**Provided records:**
◇ ◇ ◇

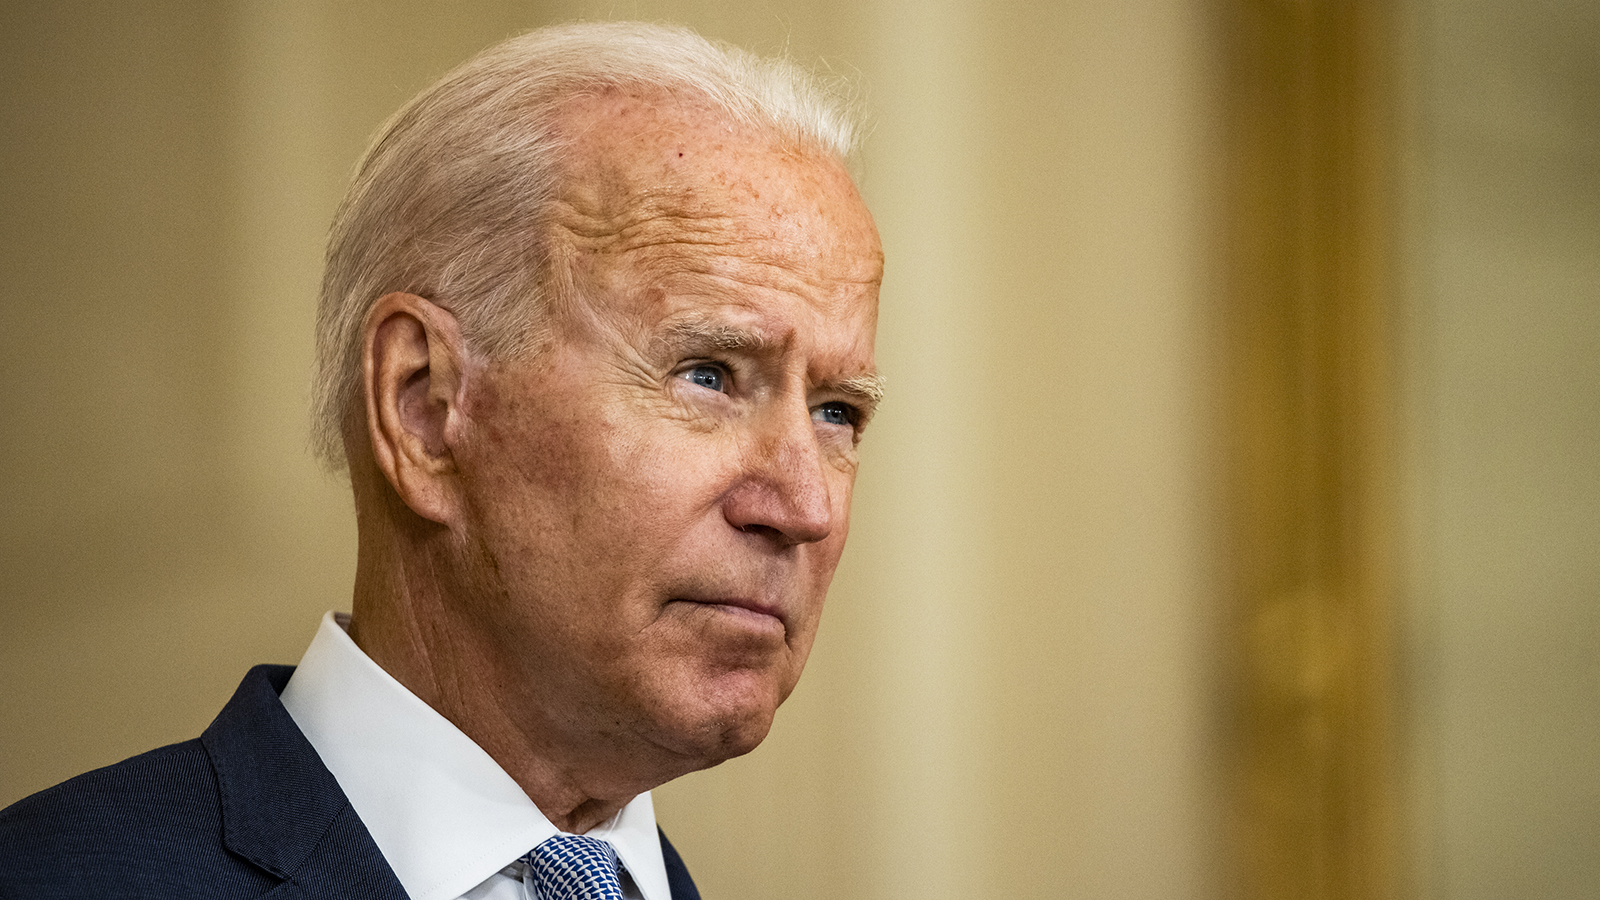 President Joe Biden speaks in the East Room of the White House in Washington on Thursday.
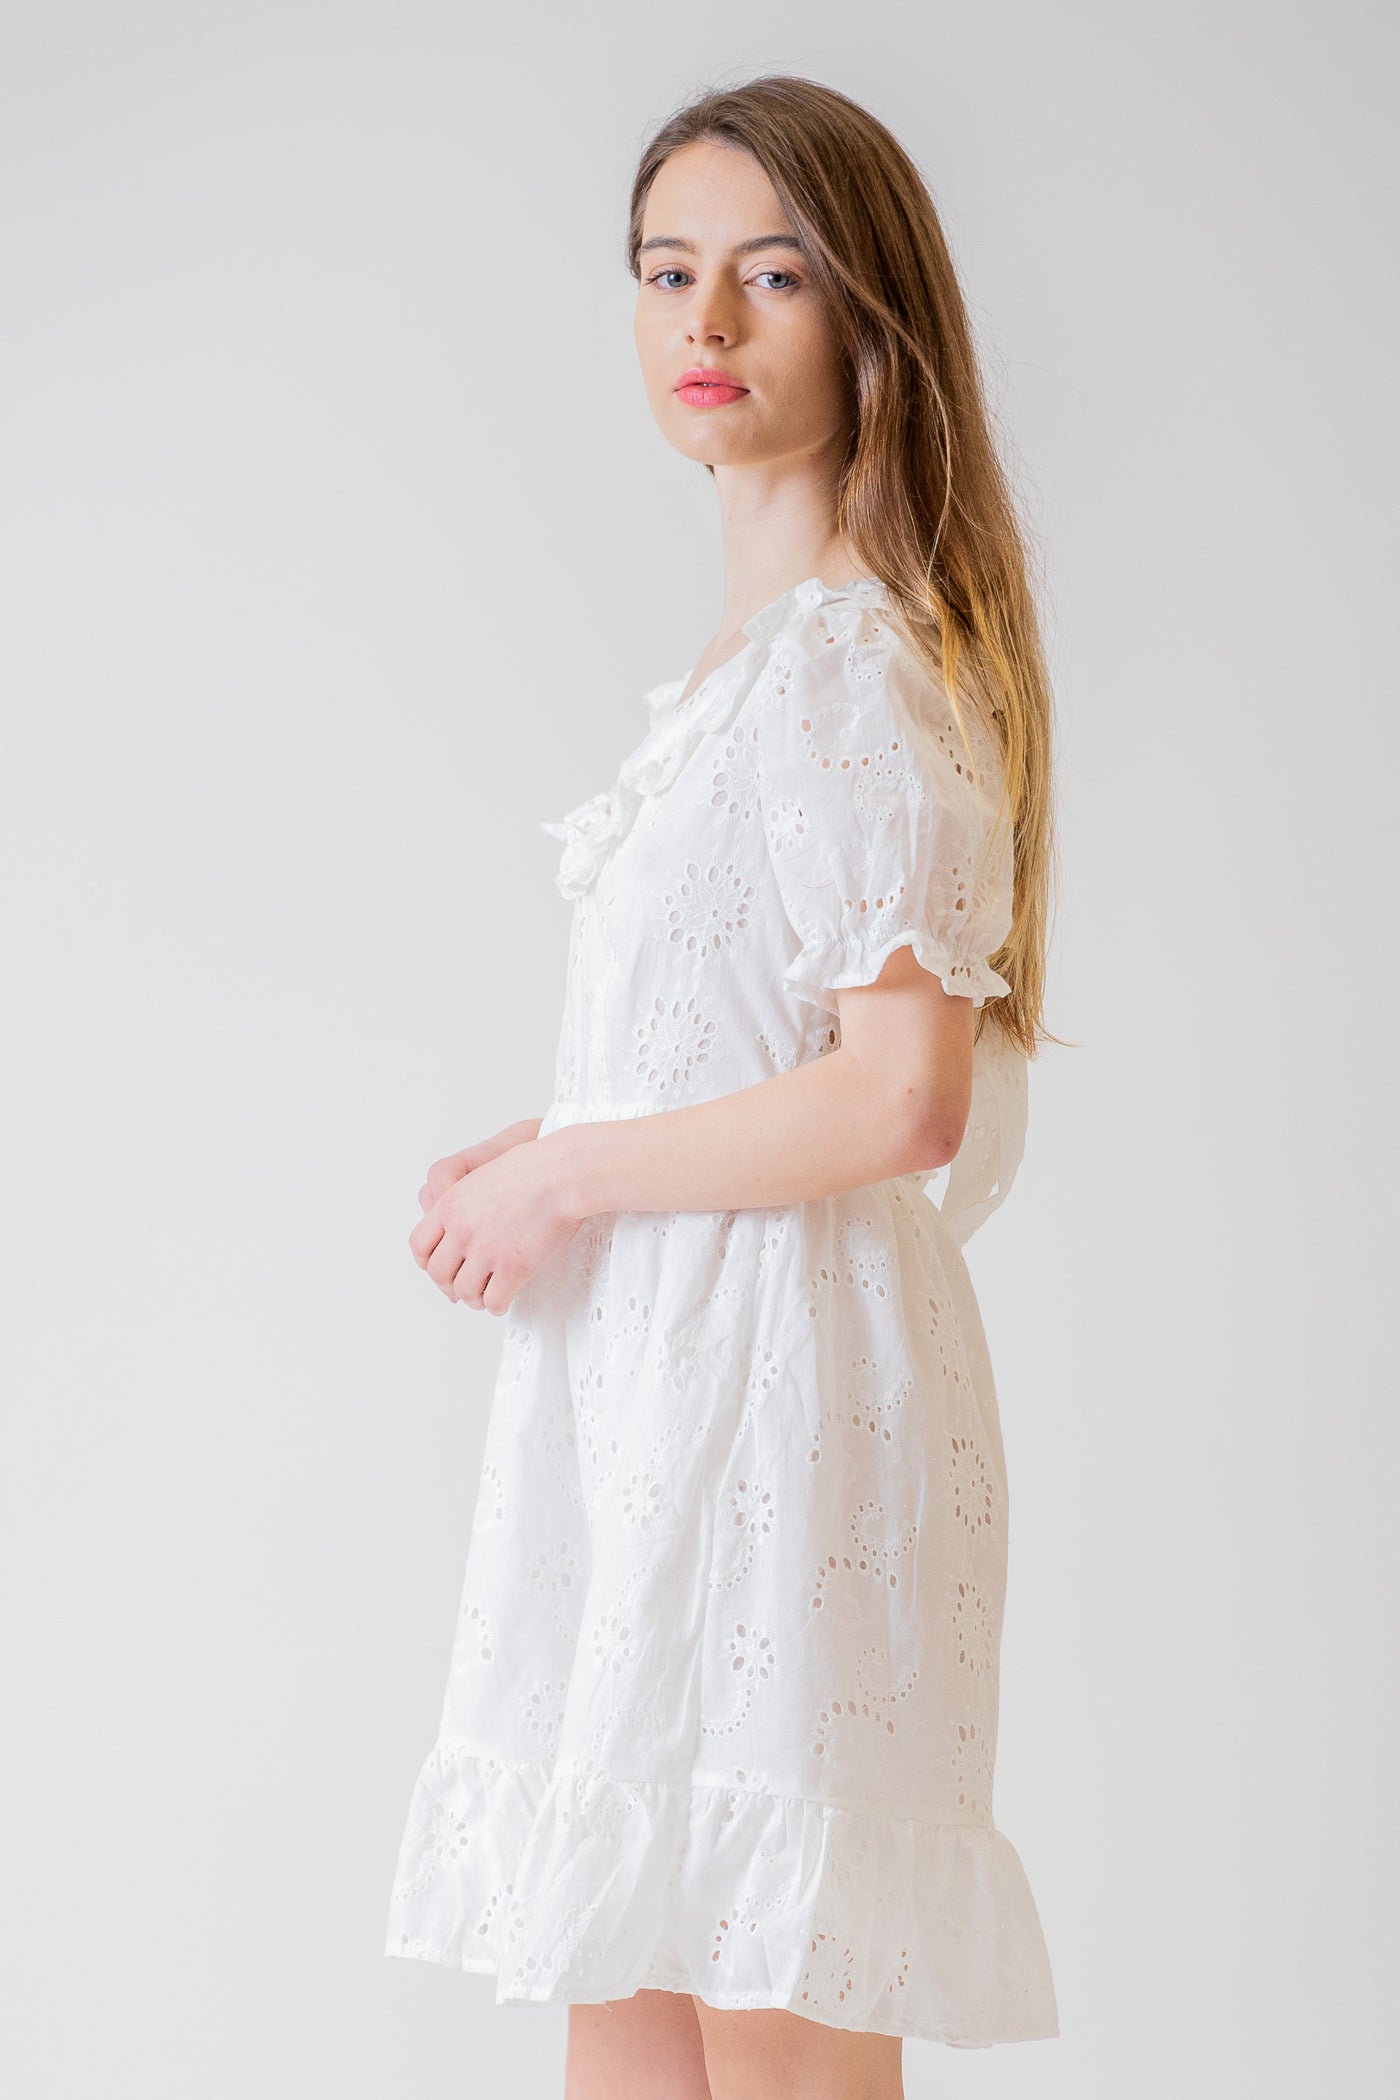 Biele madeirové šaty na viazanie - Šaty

◇ ◇ ◇

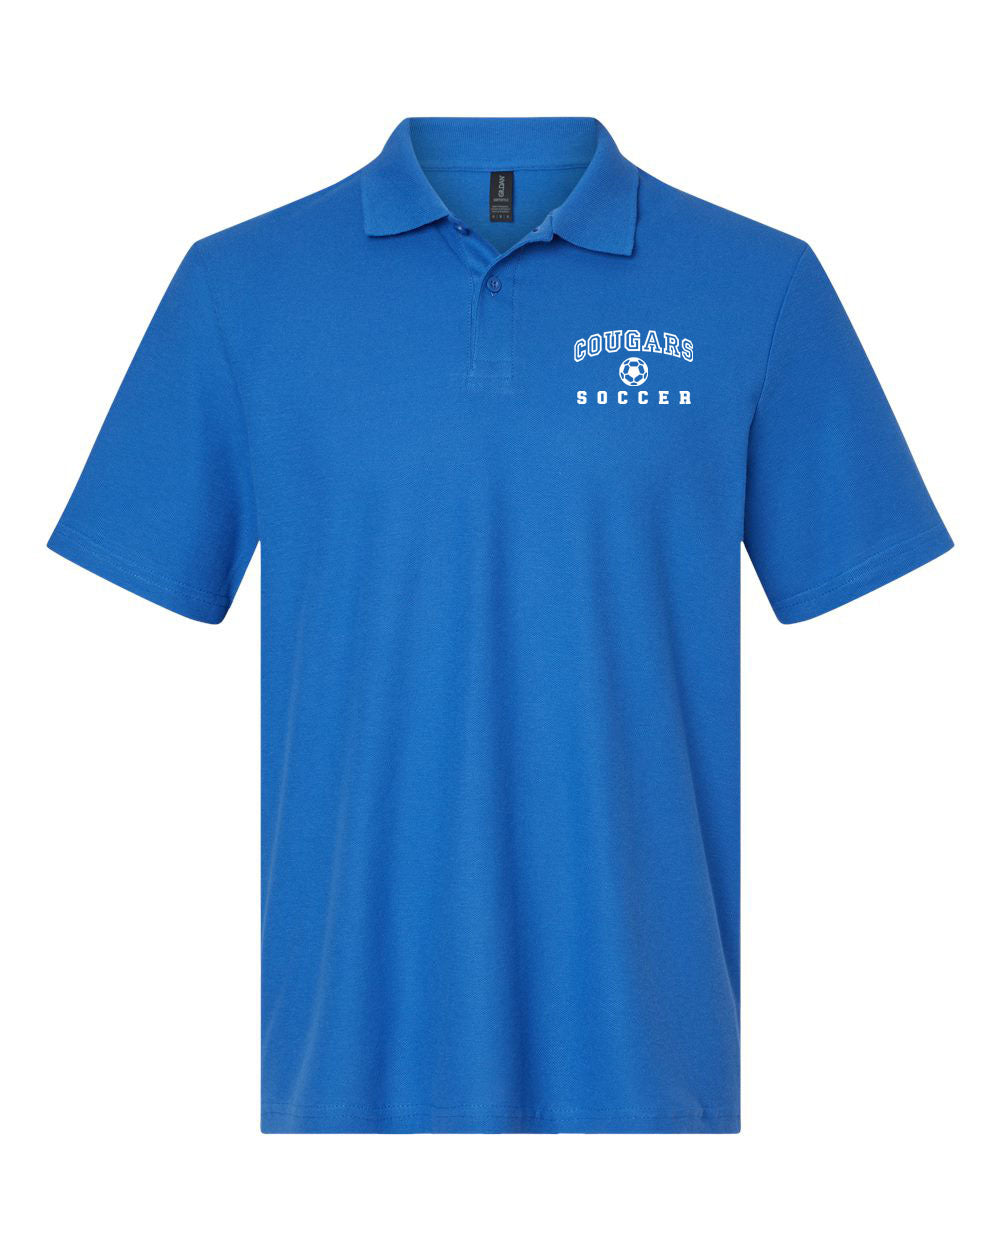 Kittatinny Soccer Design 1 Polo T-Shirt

◇ ◇ ◇

**Work to be completed:**
An exact copy is needed. It runs from the line above containing "President Joe Biden" down to the line containing "Biele madeirové šaty na viazanie - Šaty", both included, with no pictures.

**Response area:**
 President Joe Biden speaks in the East Room of the White House in Washington on Thursday.
 Biele madeirové šaty na viazanie - Šaty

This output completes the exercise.